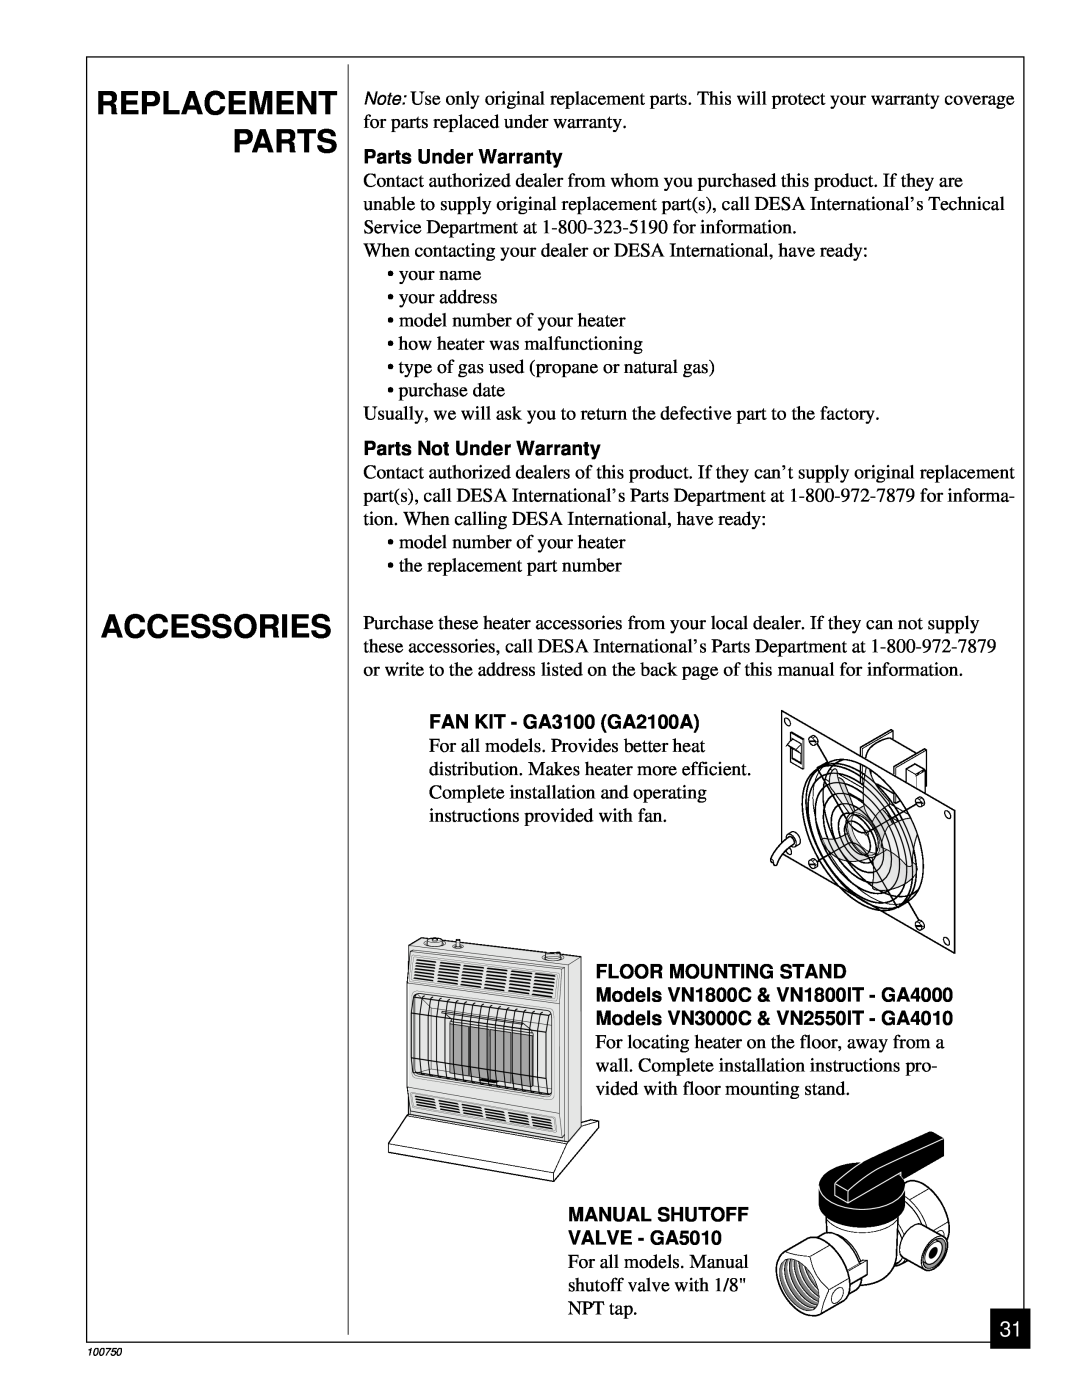 Desa VN3000C Replacement, Accessories, Parts Under Warranty, Parts Not Under Warranty, FAN KIT - GA3100 GA2100A 
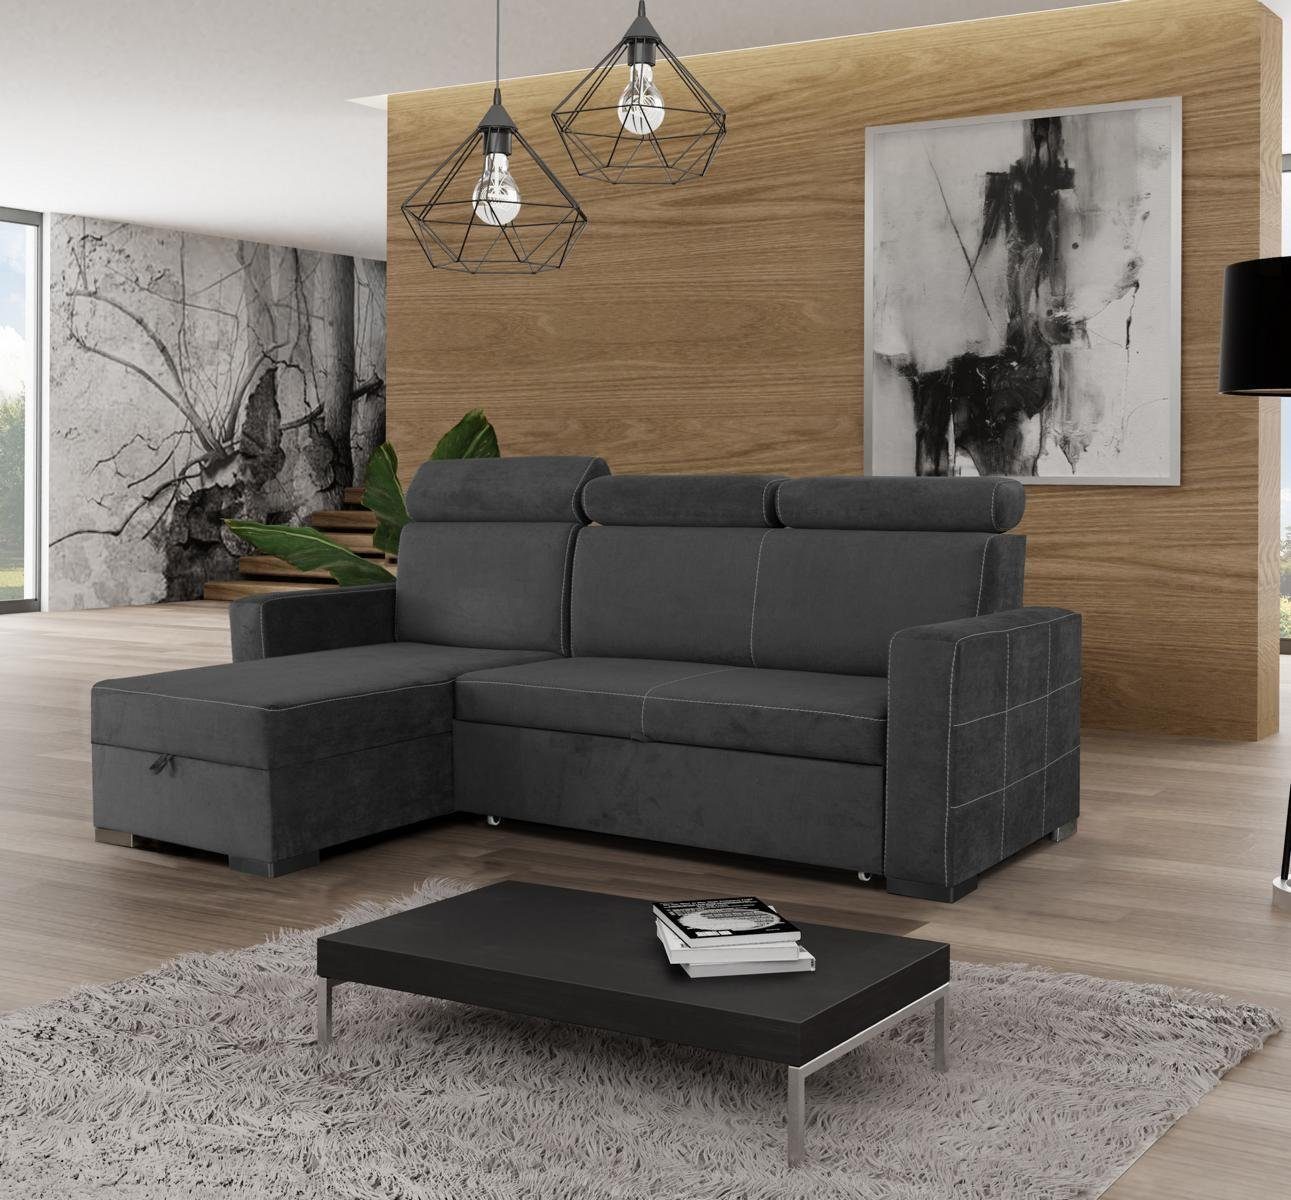 JVmoebel Ecksofa Luxus Blaues Ecksofa Couch in Design Neu, Moderne Schwarz Made stilvolles L-Form Europe
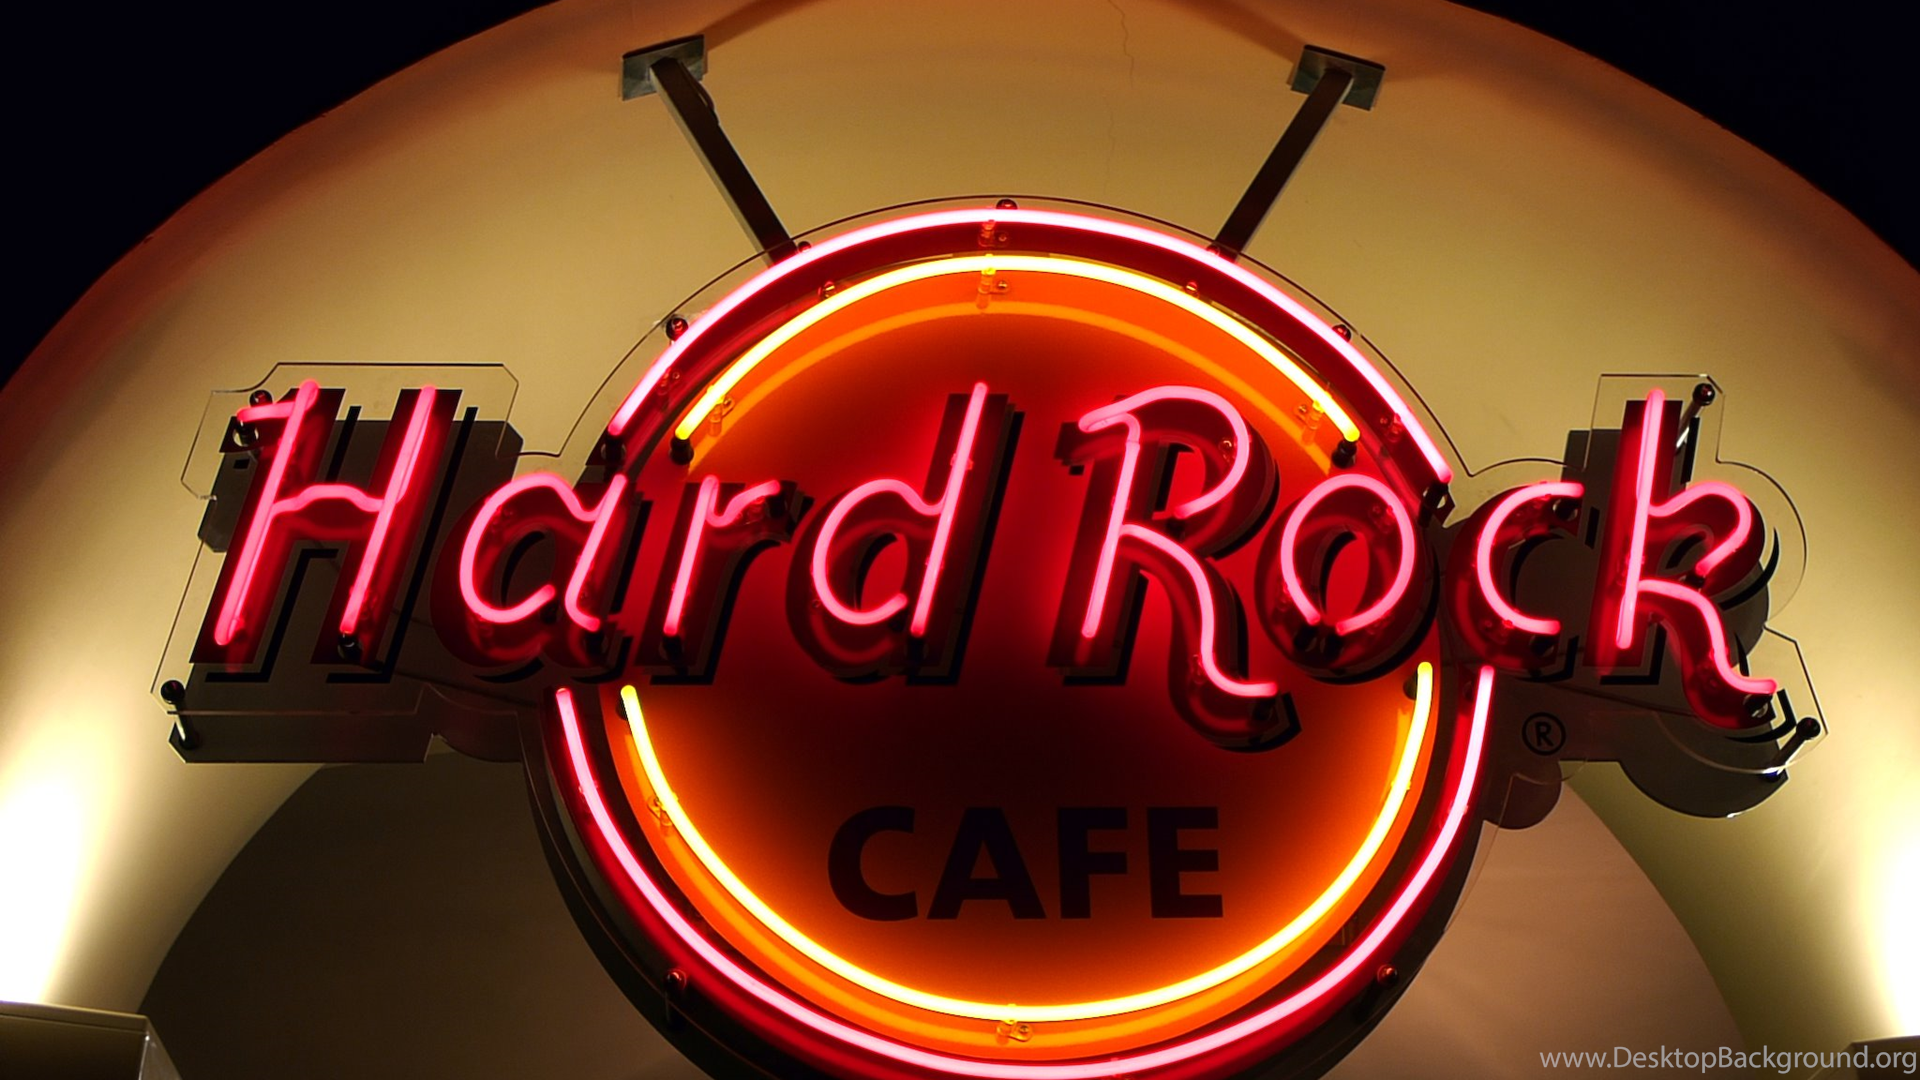 Hard file. Рок кафе. Hard Rock Cafe логотип. Логотип бара кафе круглый. Хард рок кафе неон в квартиру.

○ ○ ○ ○ ○ ○ ○

All text in the material above must be written out exactly; the images are to be skipped.

> [Response to this task]
 Desa VN3000C Replacement, Accessories, Parts Under Warranty, Parts Not Under Warranty, FAN KIT - GA3100 GA2100A 
 JVmoebel Ecksofa Luxus Blaues Ecksofa Couch in Design Neu, Moderne Schwarz Made stilvolles L-Form Europe
 Hard file. Рок кафе. Hard Rock Cafe логотип. Логотип бара кафе круглый. Хард рок кафе неон в квартиру.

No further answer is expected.